A gas barrier film having a gas barrier layer formed on a resin substrate;
An internal light extraction layer comprising a light scattering layer provided on the gas barrier film, and a smoothing layer provided on the light scattering layer;
A first electrode provided on the internal light extraction layer, a second electrode, and a light emitting unit sandwiched between the first electrode and the second electrode,
The gas barrier layer includes a metal-containing layer containing a compound of at least one metal selected from V, Nb, Ta, Ti, Zr, Hf, Mg, Y, and Al, and a silicon-containing material containing silicon and nitrogen An organic electroluminescence device having a layer.
In the atomic composition distribution profile obtained when XPS composition analysis is performed in the layer thickness direction, the gas barrier layer has a silicon atom composition ratio of 100 and a nitrogen atom composition ratio of more than 0 and 60 or less, and a metal A region having an atomic composition ratio of 20 or more and 300 or less;
The organic electroluminescent element according to claim 1, wherein the metal-containing layer and the silicon-containing layer are in contact via the region.

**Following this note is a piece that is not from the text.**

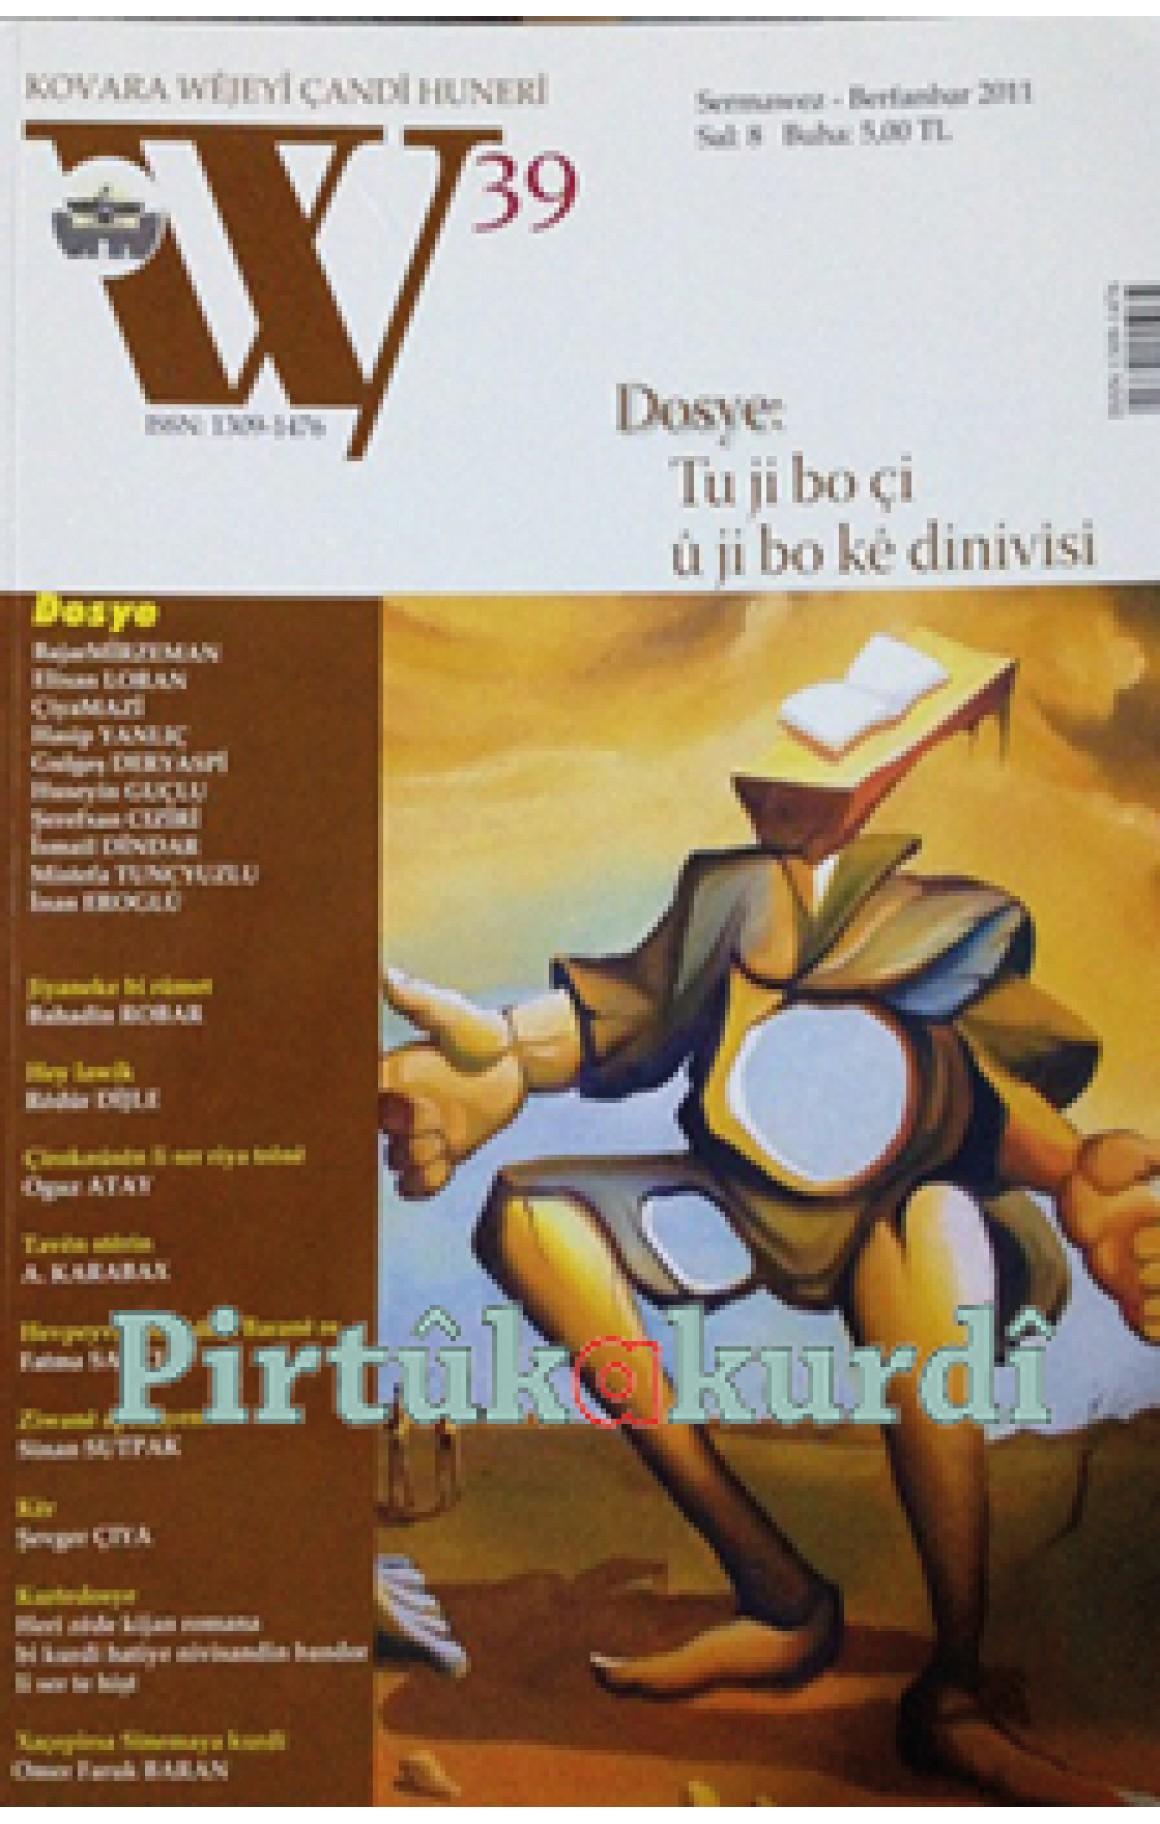 Kovara W 39

The organic electroluminescence device according to claim 2, wherein the oxygen atom composition ratio is 40 or more and 300 or less when the silicon atom composition ratio in the region is 100.
The organic electroluminescence device according to claim 1, wherein the metal contained in the metal-containing layer is Nb.
2. The smoothing layer is mainly composed of at least one selected from silicon oxide, silicon nitride, niobium oxide, and niobium nitride, and has a water vapor permeability of less than 0.1 g / (m 2 · 24h). The organic electroluminescent element of description.